By the early twentieth century, teaching had become one of the only respectable professions open to women. This was not because teaching uplifted women but because nearly every other professional path was closed to them. Men continued to control school budgets, policy, curriculum, and administration. Women filled the lowest-paid and least influential roles. The culture of the schools that developed — uniform behavior, obedience, quiet classrooms, predictable routines — grew out of bureaucratic necessity, not feminist activism. It came from the priorities of large systems, not the personal preferences of the women hired to staff them.
Once I understood this clearly, the entire narrative that women “feminized” schools fell apart. The system was never built to serve women. It was built to use them. And now, more than a century later, the same system is blamed on them as if they masterminded it. As if they had the political power in 1890 to feminize anything.
I want to be clear about something here. I am not pretending that feminism or other progressive movements never used the public schools to advance their political goals. Of course they did. Once the system existed and once the state poured money and authority into it, every political movement tried to shape curriculum, culture, and pedagogy to reflect its worldview. That is the nature of large institutions. What I am arguing is that blaming “women” as a category for the feminization of education is historically illiterate, wildly oversimplified, and obscures far more than it reveals. Most importantly, it distracts us from the real problem we should be fighting: the institutional culture of conformity, obedience, collectivism, and submission that harms all of us, regardless of sex or ideology.
At some point we have to stop repeating this error, because continuing to blame women is not analysis, it is complicity in the very system we claim to oppose. What people describe as “feminization” is not feminine. It is authoritarian collectivism engineering a convenient misunderstanding, ensuring that men blame women instead of confronting the system that is harming their children.


In general, I think that labelling the phenomenon "feminization" is just probably unnecessarily polemical, and in the end doesn't even really help describe concretely what it is that is happening. Like, I get what they mean, but it can be explained more clearly, and with less of the culture-war baggage, if they just focus on the actual effects, and less on the gendered blame game.
Thank you for this. I agree with much of what you say, However, while there are definitely similarities, the way in which schools have been "feminised" in the UK is slightly different, and I can see the hand of majority female educators (teachers and planners) in this, in recent decades.

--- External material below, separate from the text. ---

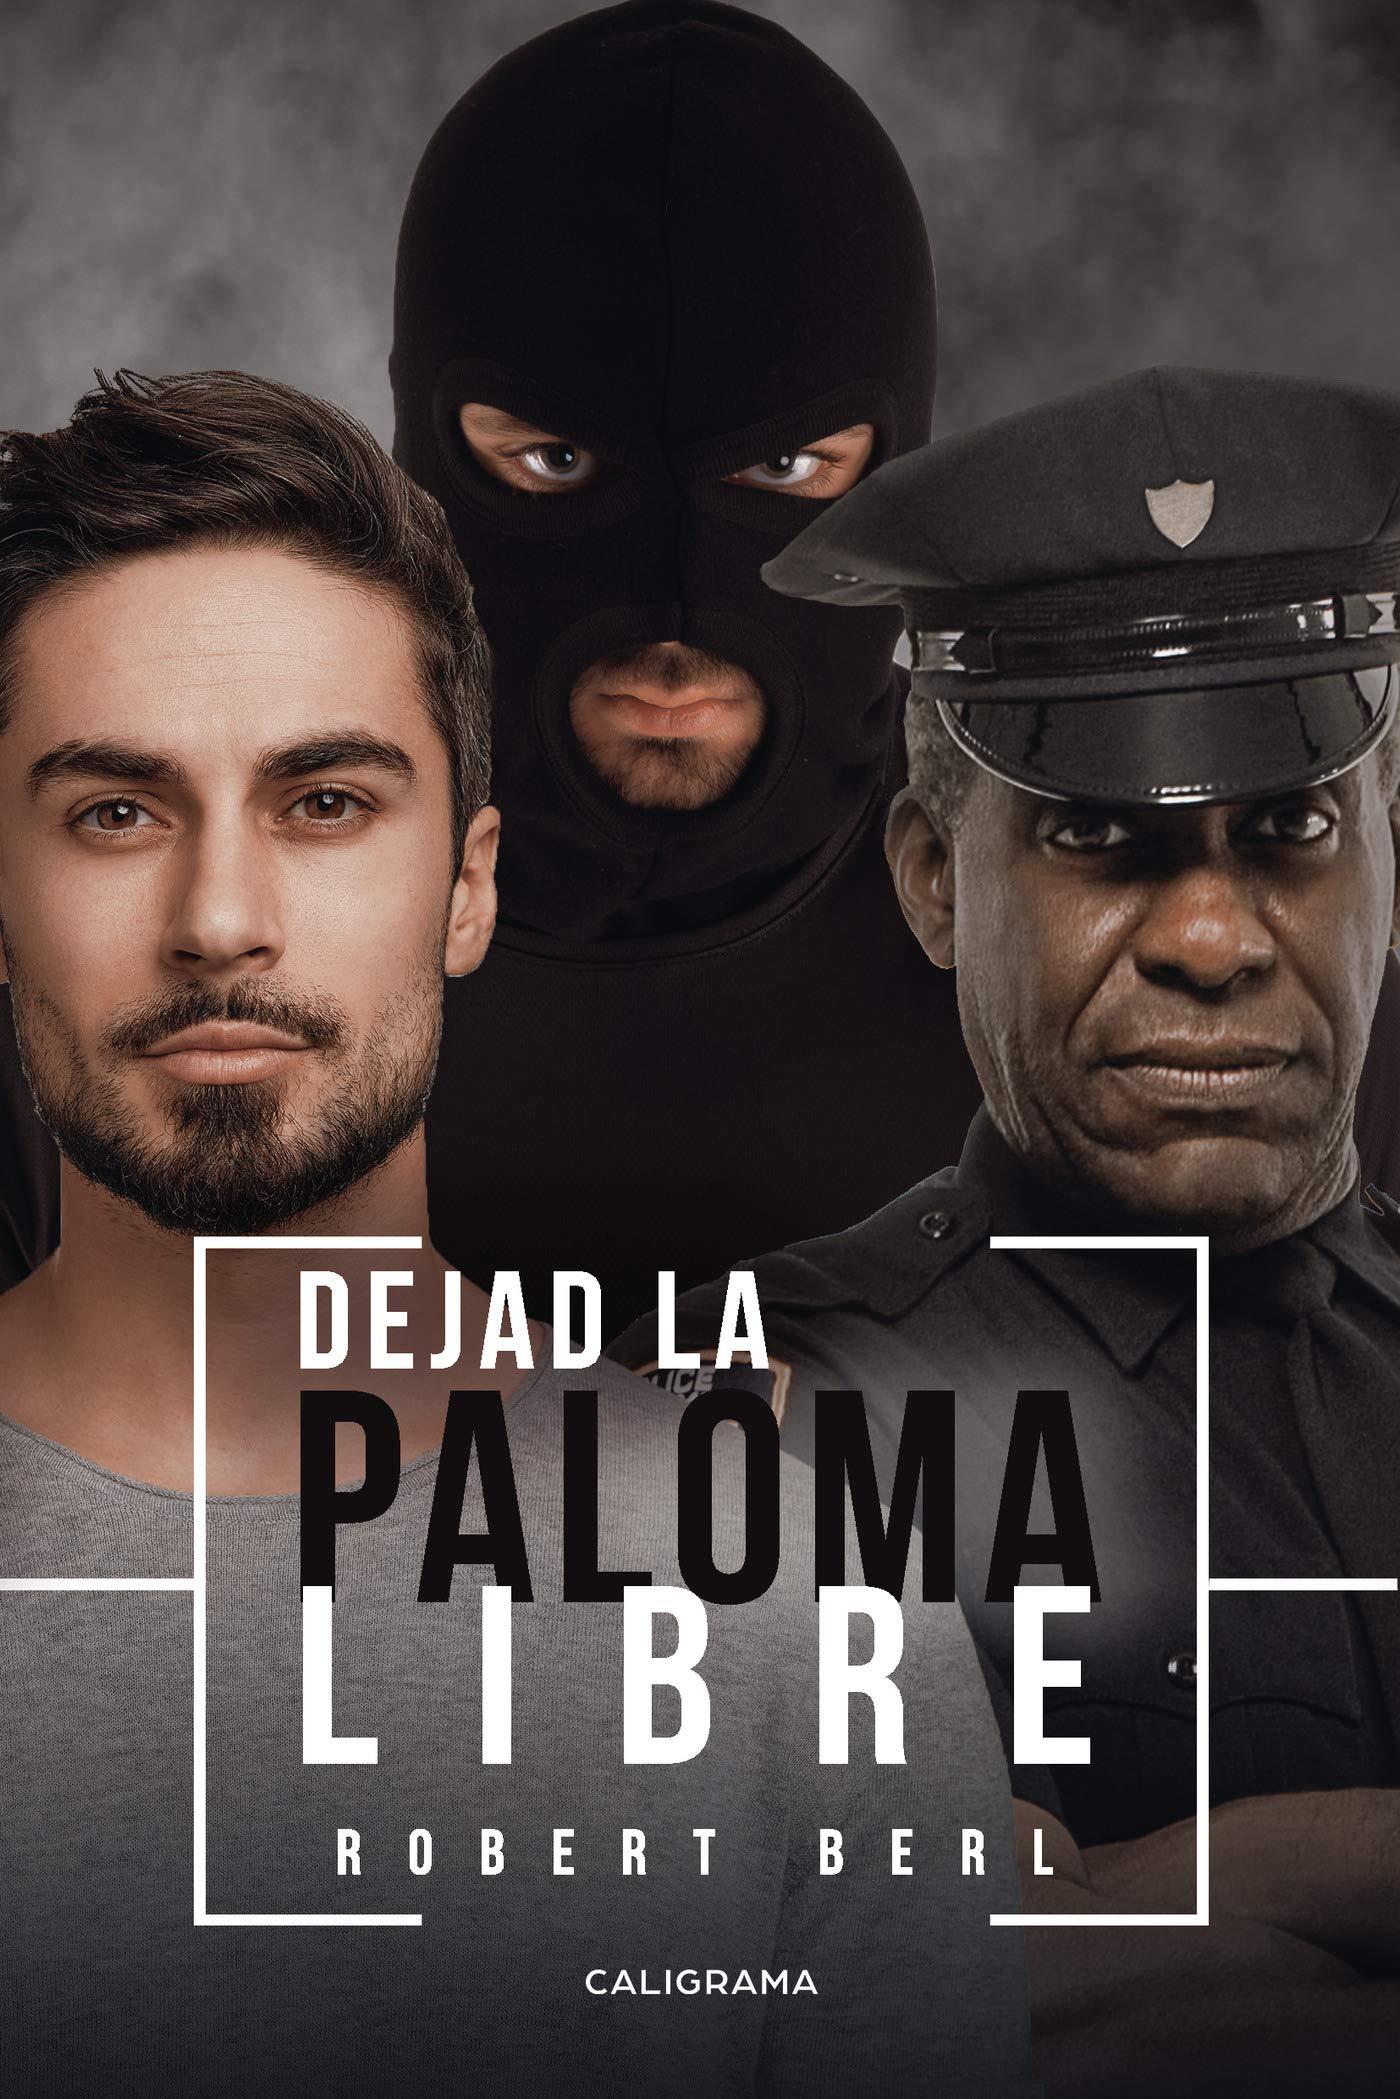 Dejad la paloma libre (Robert Berl, 2019)

For example, the replacement of exams with course work, which most girls apparently prefer; the content of curricula moving too often from objective facts to "lived experience"; and a growing misunderstanding of how boys fail to thrive if they have to sit still for long periods of time (although I accept what you say about bureaucratic necessity). Of course these are generalisations, and I – like you – was not a typical girl. Having worked in schools though, I can see how the current direction of travel benefits girls and young women, and fails to inspire and motivate young men.